All Souls is a compilation album by British rock band Siouxsie and the Banshees, released on 21 October 2022. It is a collection of singles, album tracks and curated B-sides. It was conceived by Siouxsie Sioux as a seasonal compilation "to celebrate the autumn equinox and its festivities".

Background 
In June 2022, vocalist Siouxsie Sioux assisted in the half-speed remastering of ten Siouxsie and the Banshees tracks at Abbey Road Studios by Miles Showell. The songs were compiled into the album for "autumnal celebration" All Souls, released on 180 gram black vinyl and on limited edition orange vinyl, as well as on streaming platforms.

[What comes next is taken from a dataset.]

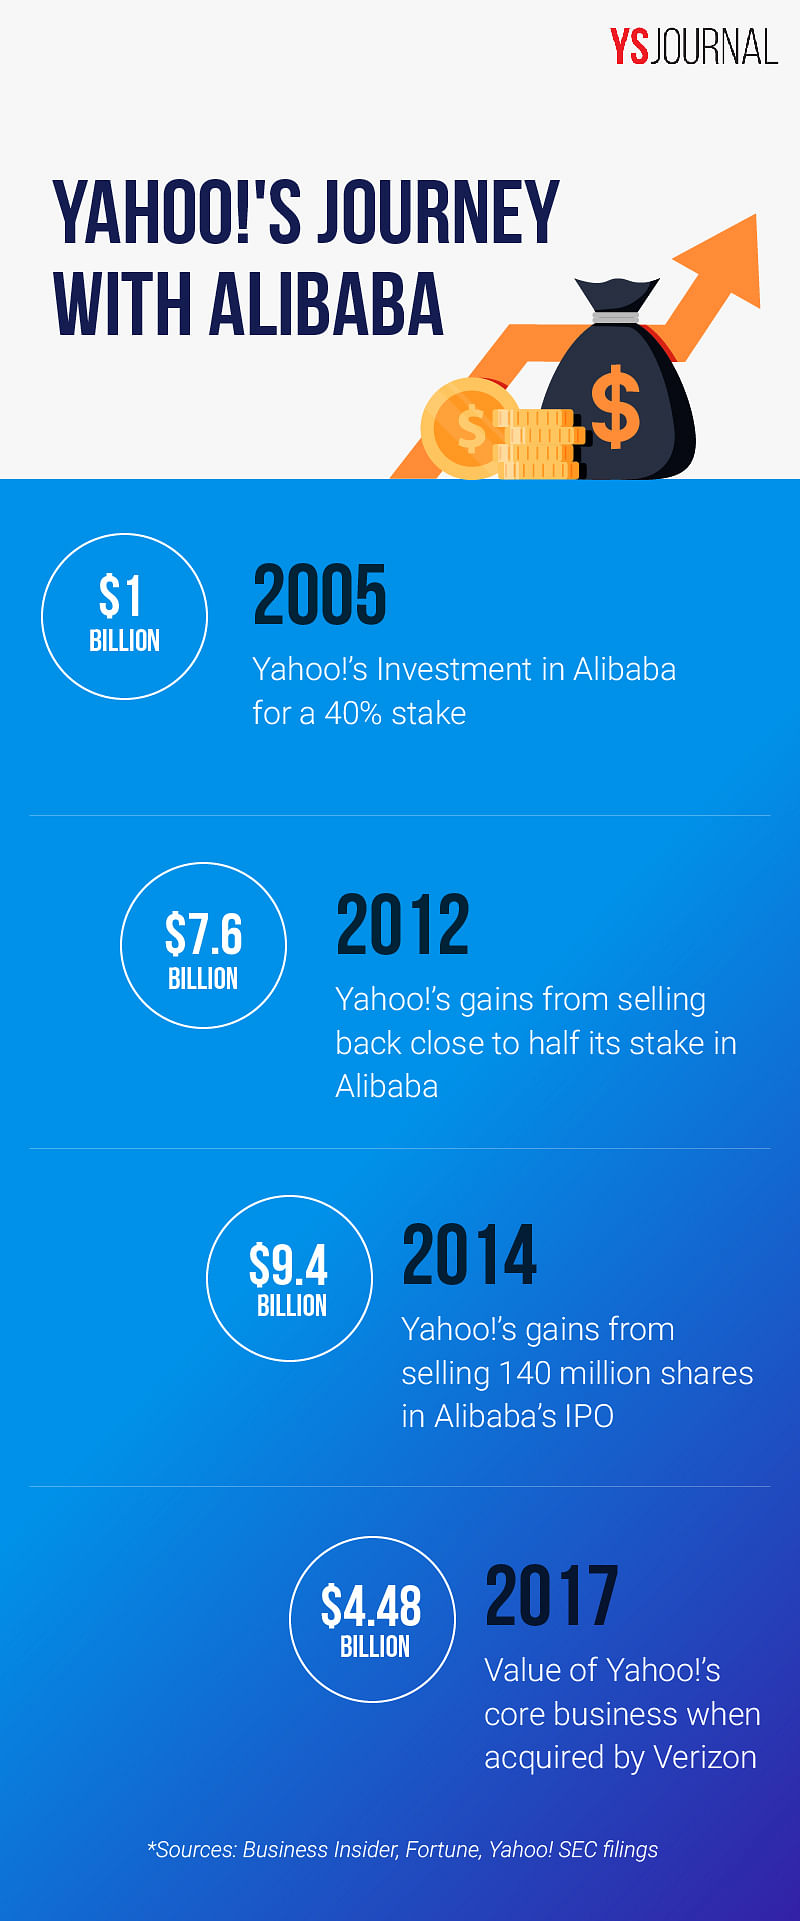 Yahoo's Journey with Alibaba

The track listing, curated by Siouxsie herself, compiles songs referencing the occult, death and autumnal festivities, such as Day of the Dead/All Souls' Day (in "El Dia De Los Muertos", originally a B-side from "The Last Beat of My Heart" single) and Halloween (in "Halloween", originally released on Juju). The compilation includes other lesser known album tracks and B-sides, as well as "Fireworks", "Peek-a-Boo", and "Spellbound". This last song featured in the end credits of "The Piggyback", the finale of the fourth season of Stranger Things, earlier in the year. 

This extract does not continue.